3. The learned counsel for the assessee reiterated the stand taken before lower authorities. It was contended that the payments were made in a very peculiar circumstance as some of the cheques were dishonoured and the seller was unwilling to sell the goods without advance cash payment. Besides, in case of dishonour of cheques there was strong possibility of consequences of criminal proceedings. Alternatively, it was contended that had the assessee returned 5 per cent net profit on its total turnover under Section 44AF(1), provisions of Section 40A(3) are not applicable, in any case the assessee is covered under Section 44AF(5) and still the provisions of Sections 28 to 43C are not applicable. It was further contended that even if this plea is not acceptable, what legislature intended was to tax retail traders in a summary manner at the net profit of 5 per cent of the turnover. An additional plea was made that the assessee may be subjected to Section 44AF(1), i.e., the income may be assessed at the rate of 5 per cent net profit on total turnover under Section 44AF(1) and provisions of Section 40A(3) may not be applied. Reliance was placed on judgment of Tribunal, Pune Bench, in the case of Balaji Construction v. Asstt. CIT (2000) 66 TTJ (Pune) 718 and Tribunal, Hyerabad Bench, in the case of Bangaru Manikyam v. ITO (1987) 21 ITD 320 (Hyd).

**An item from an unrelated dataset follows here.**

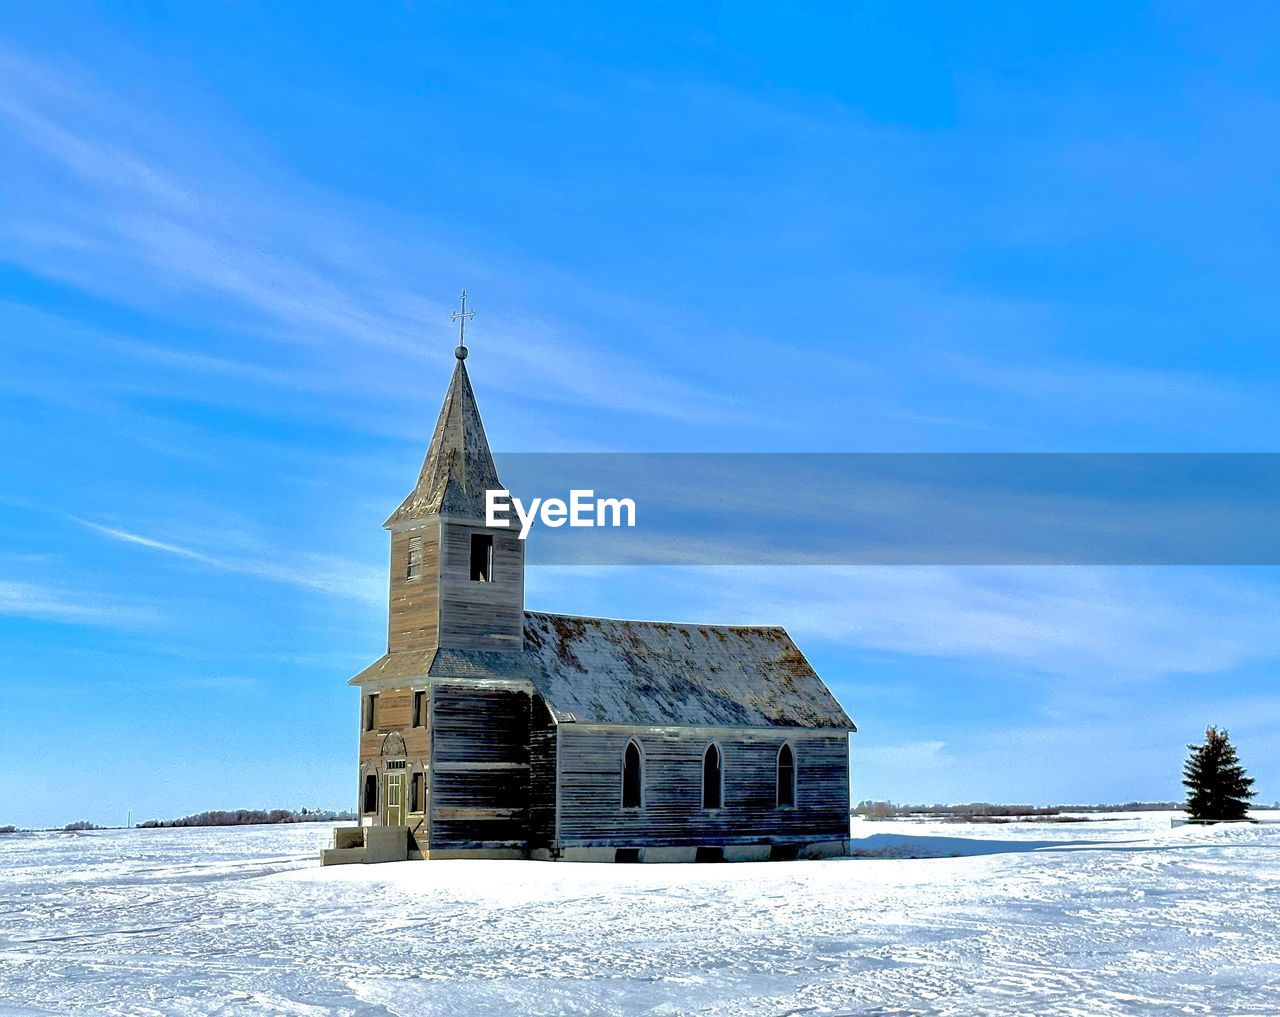 Abandons church in the snowy prairie

4. The learned Departmental Representative supported the orders of lower authorities. However, agreed to the last proposition of the assessee that the income of the assessee may be taxed at 5 per cent net profit on the total turnover, i.e., Rs. 30,76,348 and may be assessed accordingly. Therefore, provisions of Sections 28 to 43C may not be applied.

5. I have heard the rival contentions and perused the materials available on record. I find merit in the arguments of both the parties, the legislature has intended to tax the retail traders in a presumptive manner at the rate of 5 per cent net profit on total turnover thereby the provisions of Sections 28 to 43C [including Section 40A(3)] will not be applicable. Since both the parties have agreed to make the assessment under Section 44AF(1), the AO is directed to apply 5 per cent of net profit on total turnover and thereby delete the addition made under Section 40A(3). The AO is directed accordingly, assessee’s appeal is partly allowed.